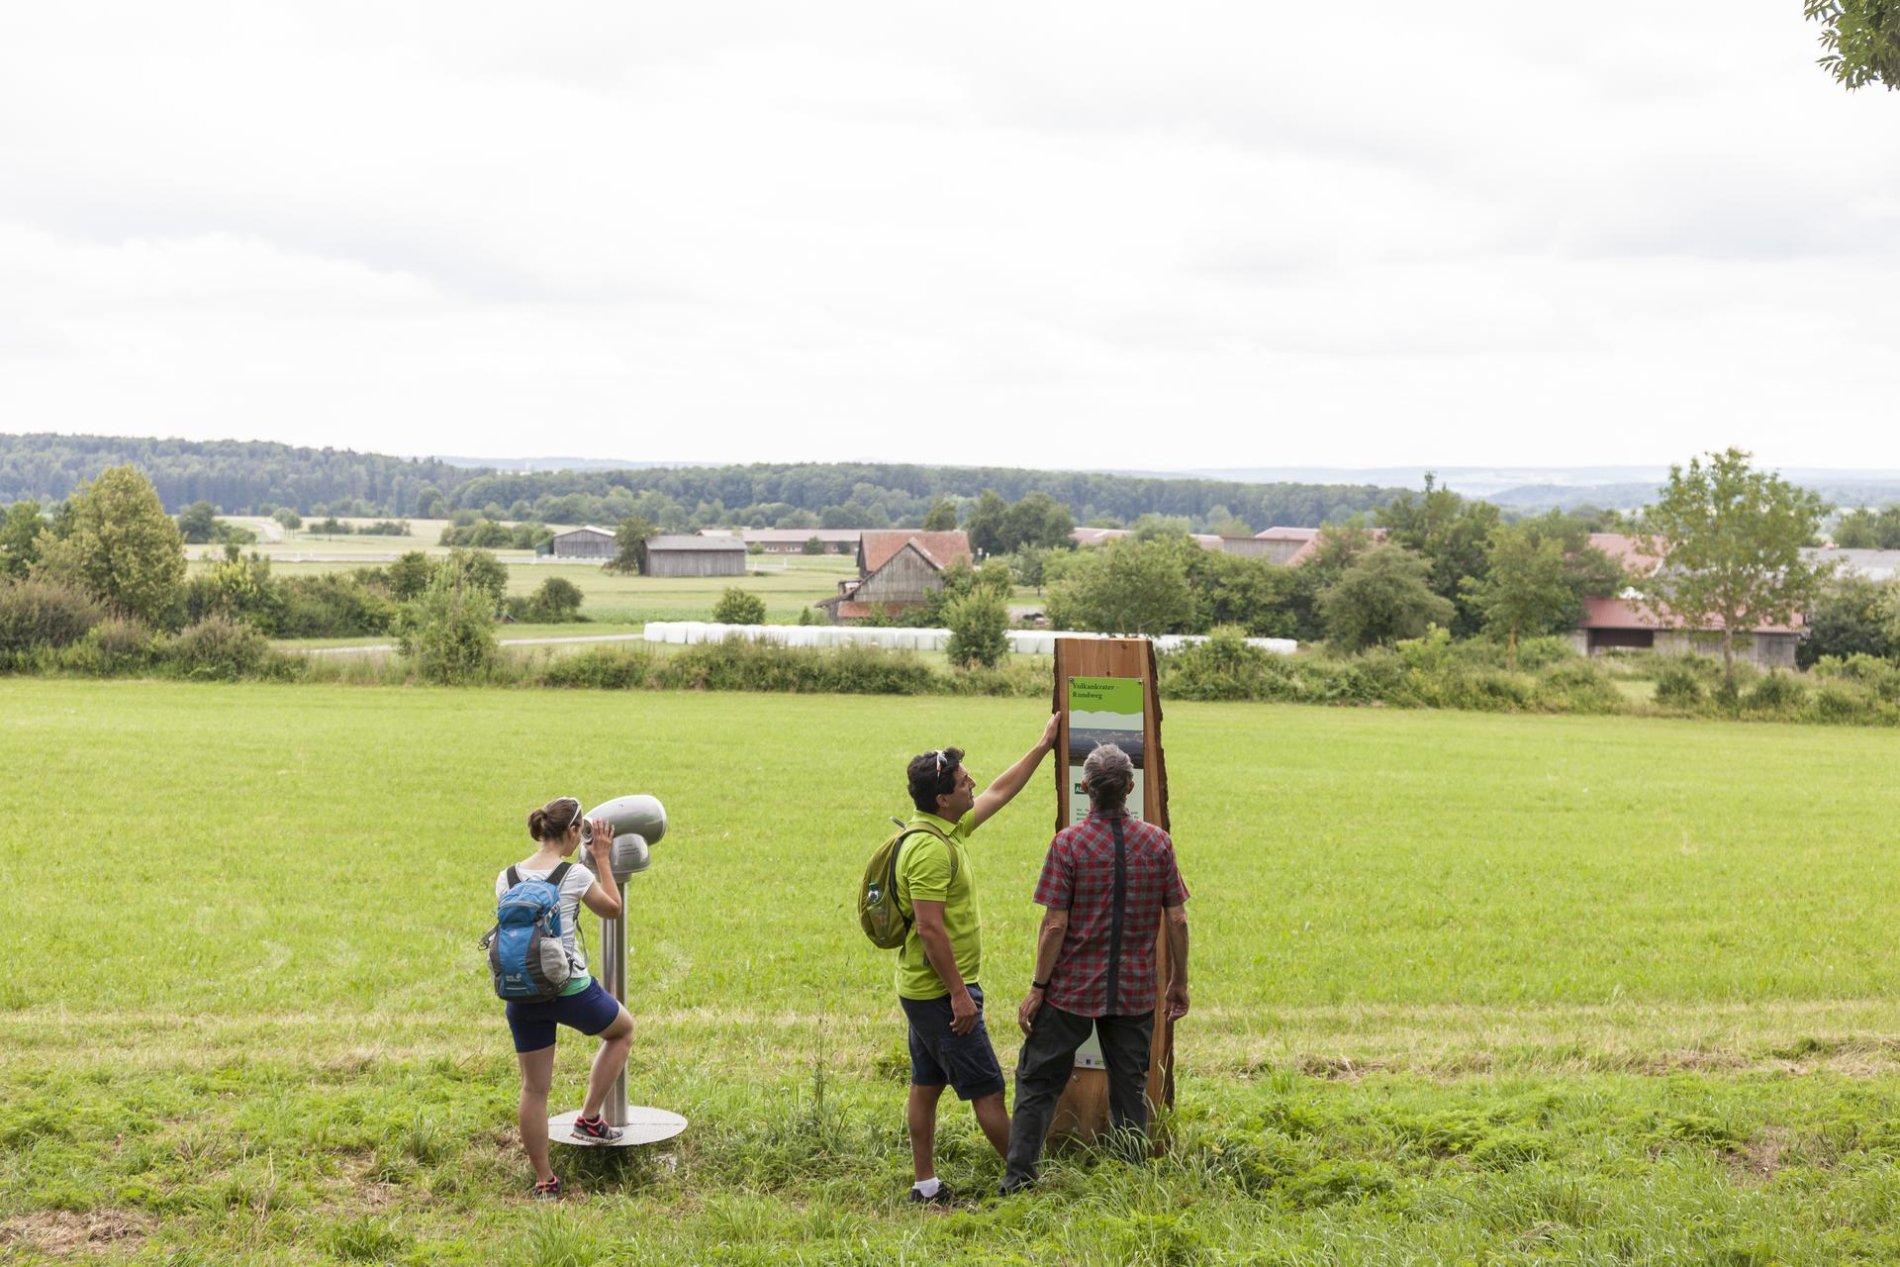 Zwei Personen stehen an einer Erklärtafel des Vulkankrater-Rundwegs und studieren die Texte. Daneben steht eine Person und blickt durch ein Viscope, das in die Richtung eines Dorfs zeigt.
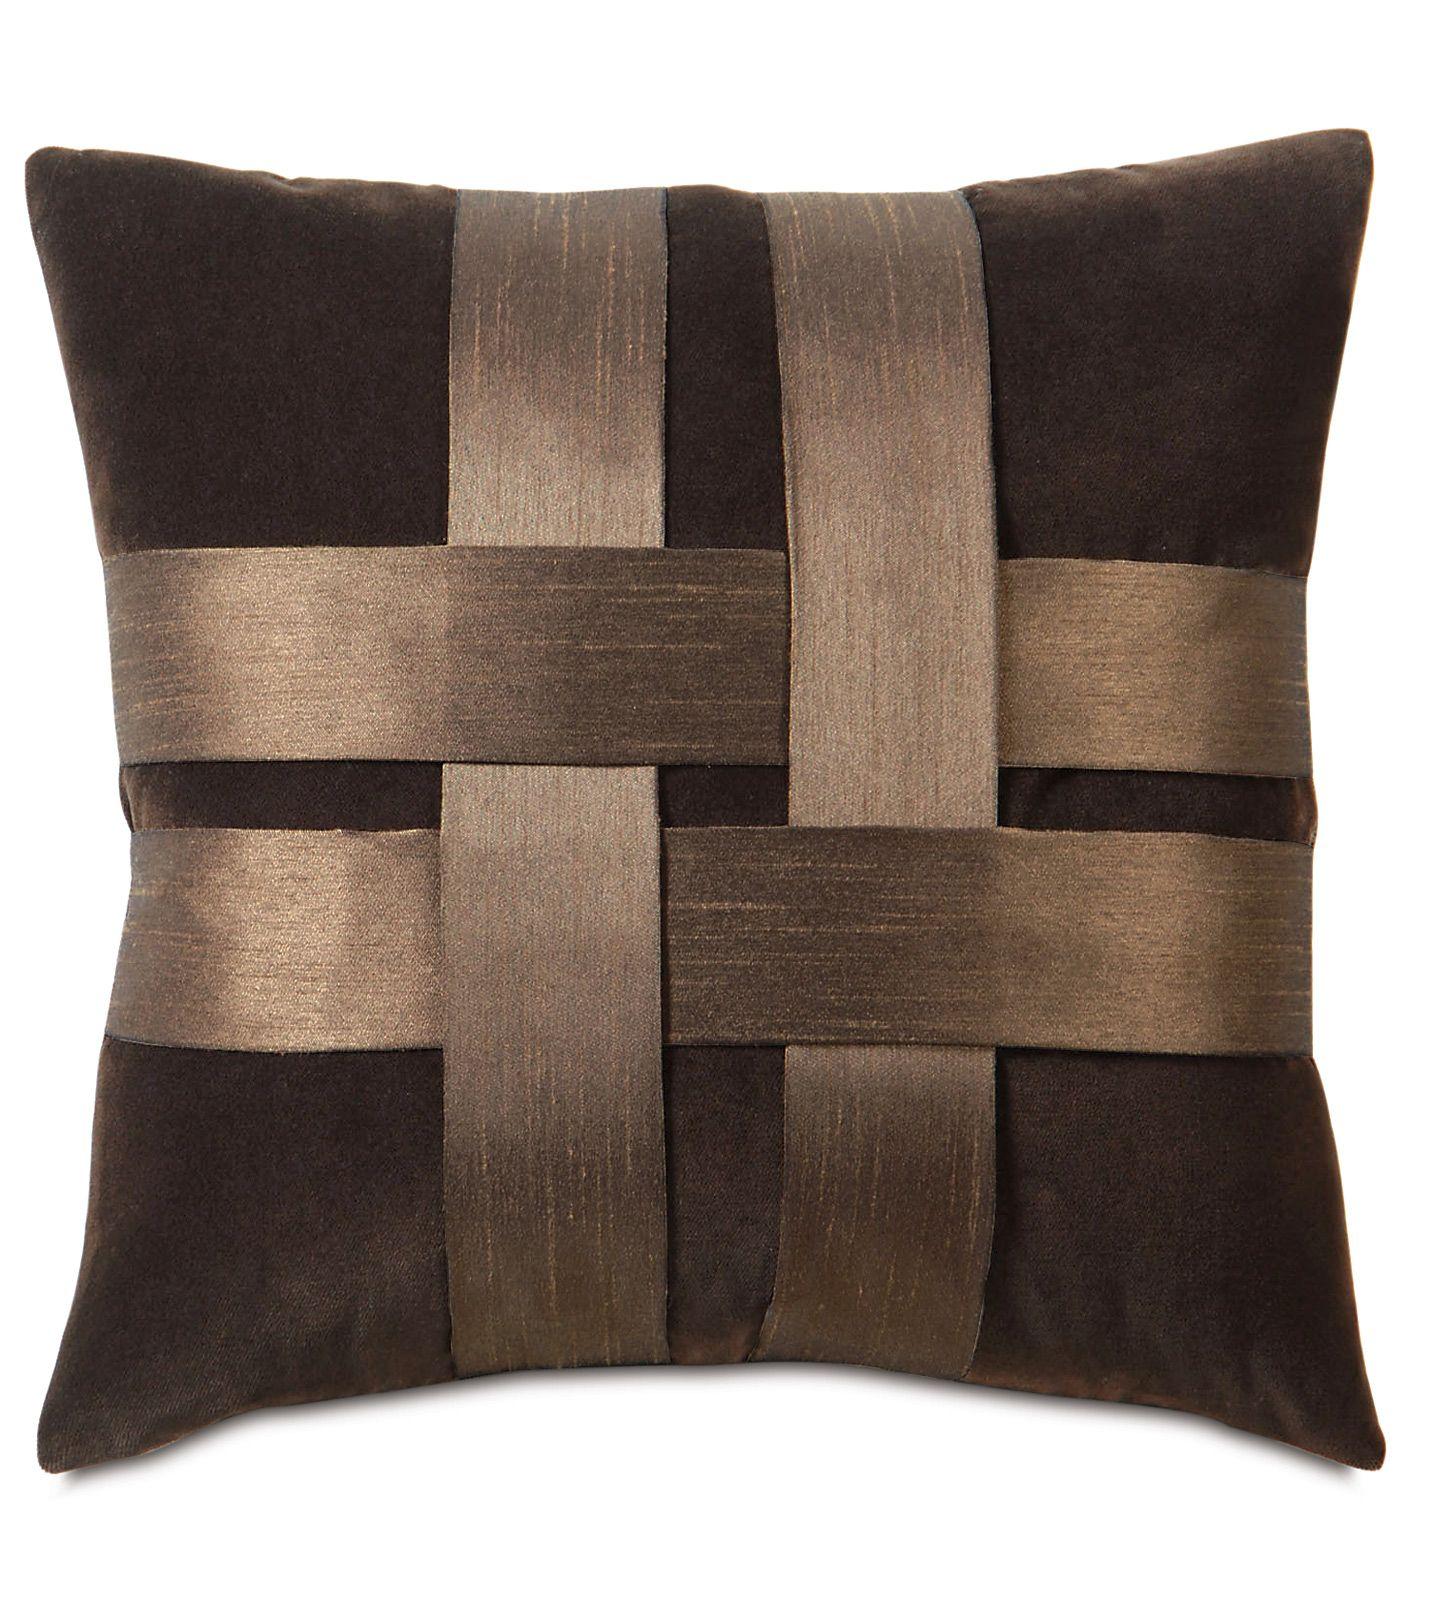 elegantes kissen alles f rs lzp nitinol und co pinterest kissen patchwork kissen und n hen. Black Bedroom Furniture Sets. Home Design Ideas
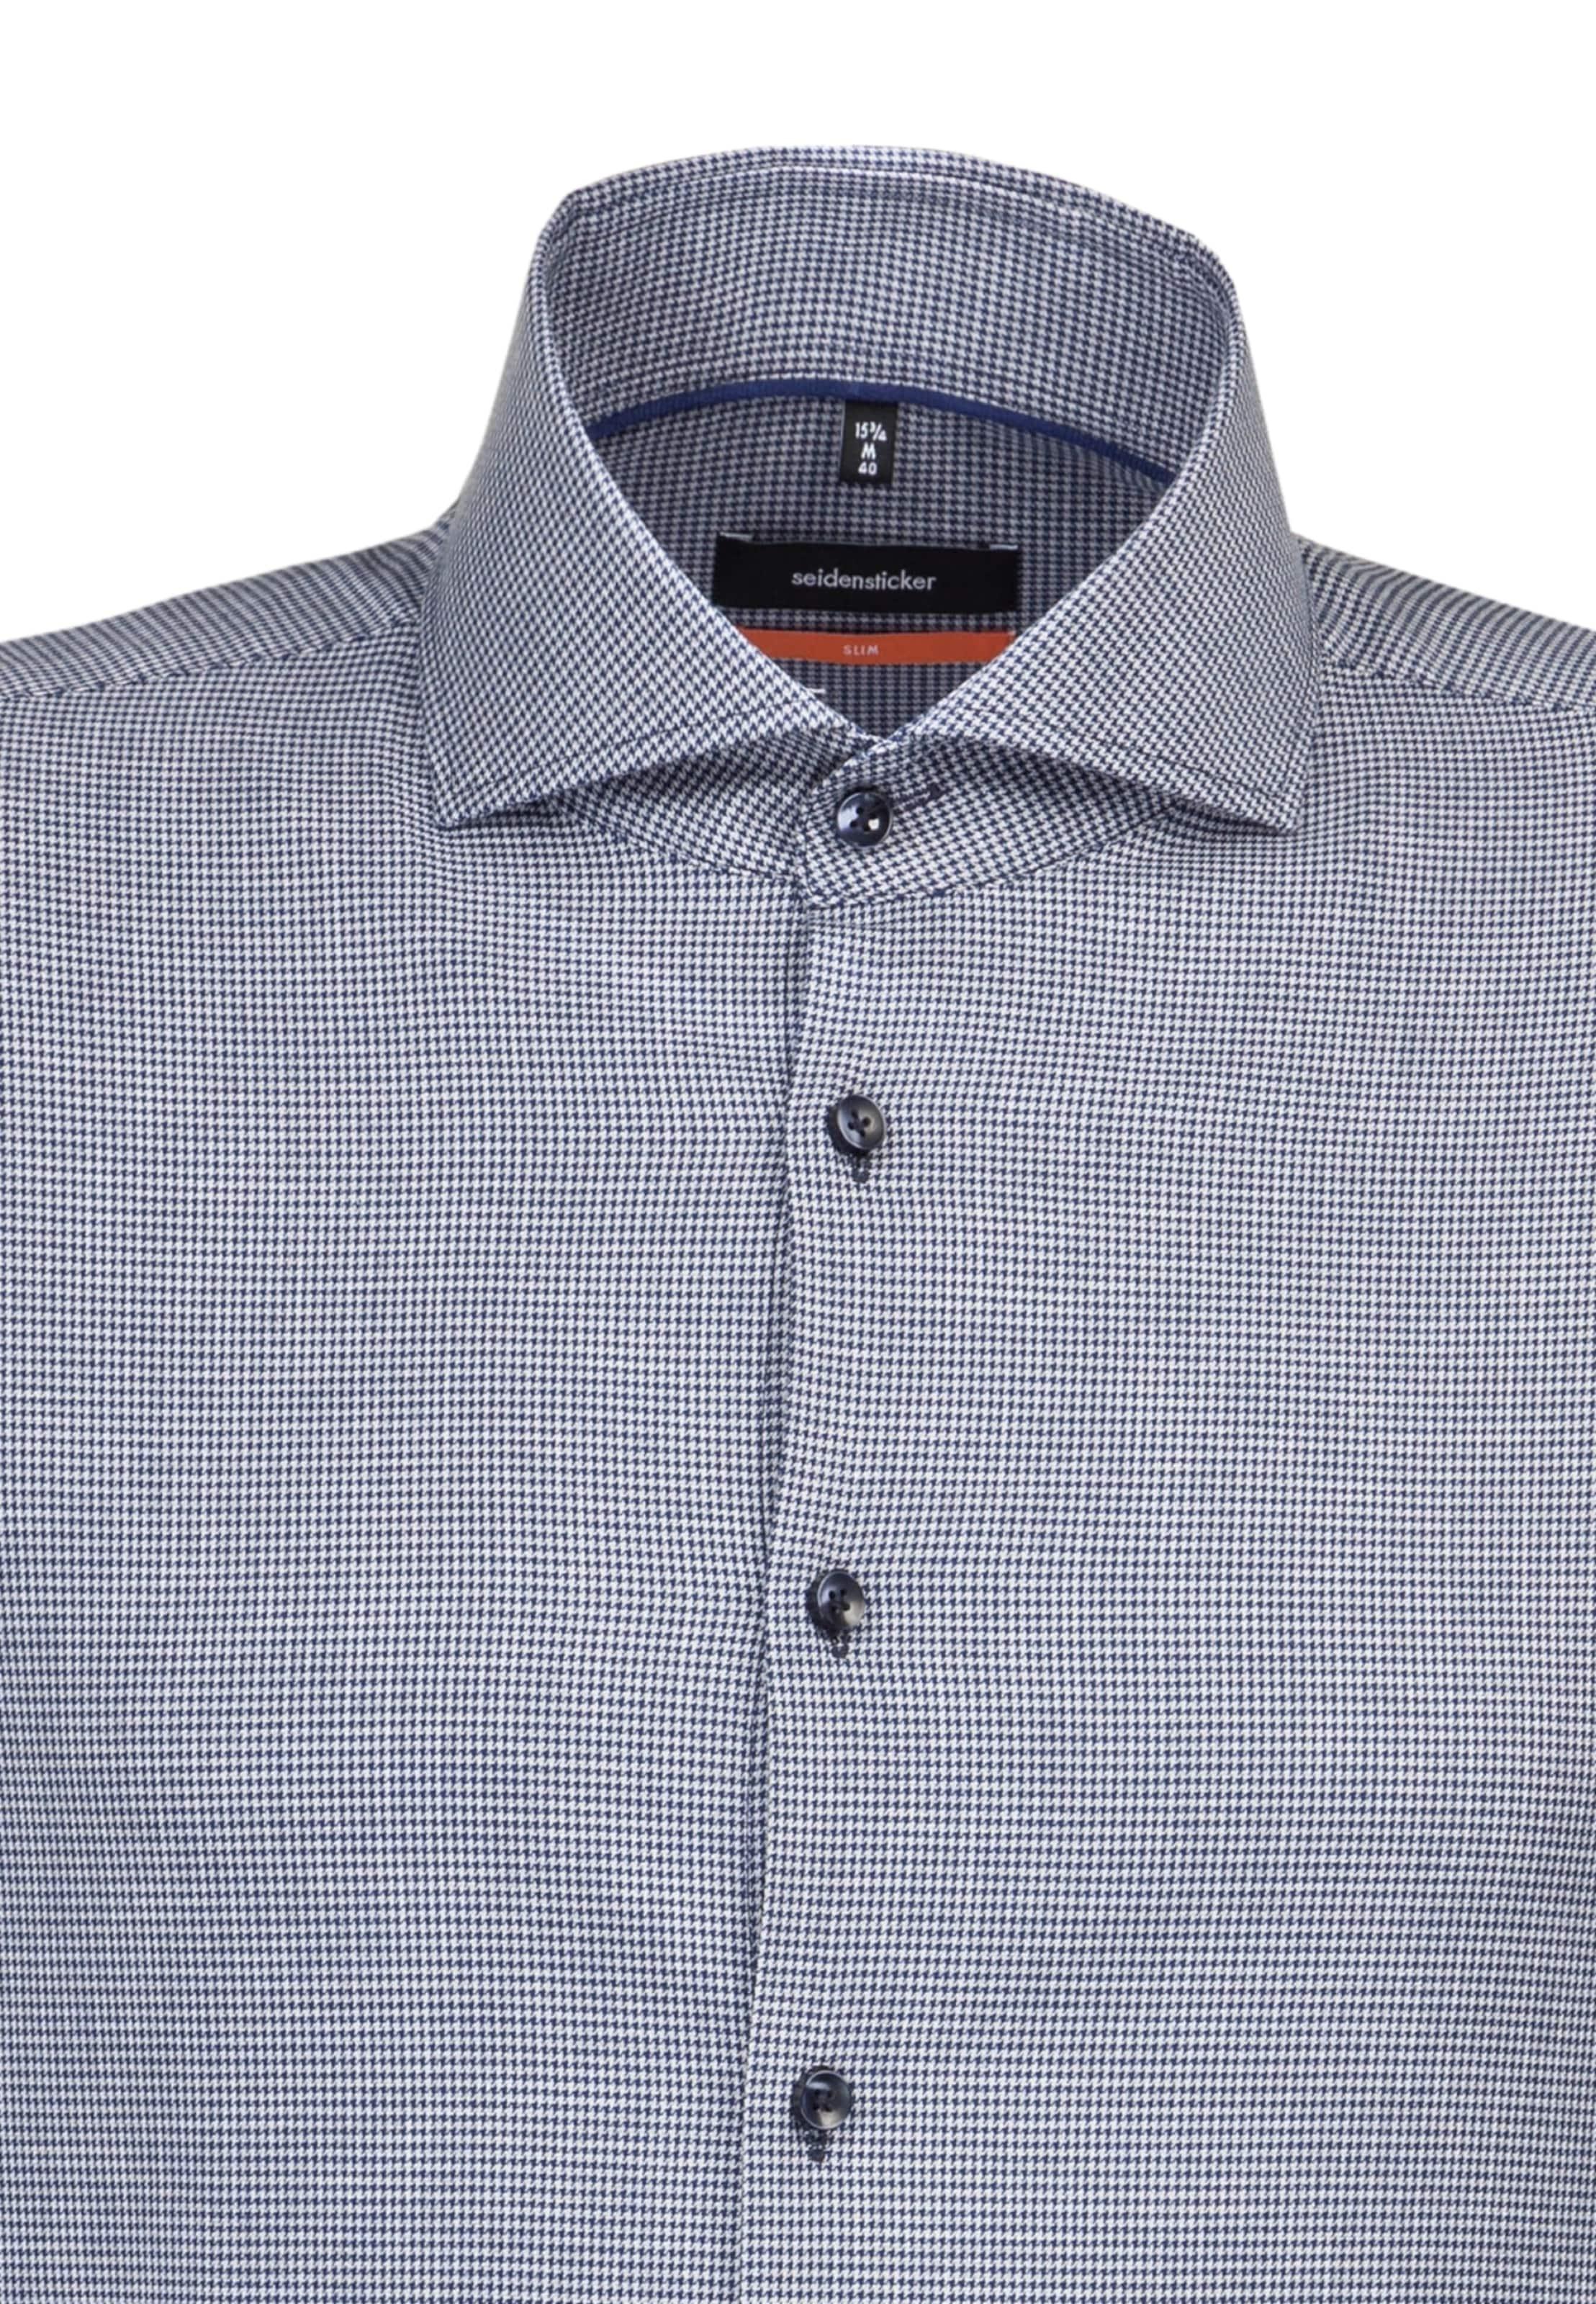 TaubenblauWeiß TaubenblauWeiß 'slim' In Seidensticker Seidensticker Hemd Hemd 'slim' In OXukZPiT

- - - -

Please copy the data shown above word for word, omitting the pictures.

**Task result**
 Zwei Personen stehen an einer Erklärtafel des Vulkankrater-Rundwegs und studieren die Texte. Daneben steht eine Person und blickt durch ein Viscope, das in die Richtung eines Dorfs zeigt.
 elegantes kissen alles f rs lzp nitinol und co pinterest kissen patchwork kissen und n hen. Black Bedroom Furniture Sets. Home Design Ideas
 TaubenblauWeiß TaubenblauWeiß 'slim' In Seidensticker Seidensticker Hemd Hemd 'slim' In OXukZPiT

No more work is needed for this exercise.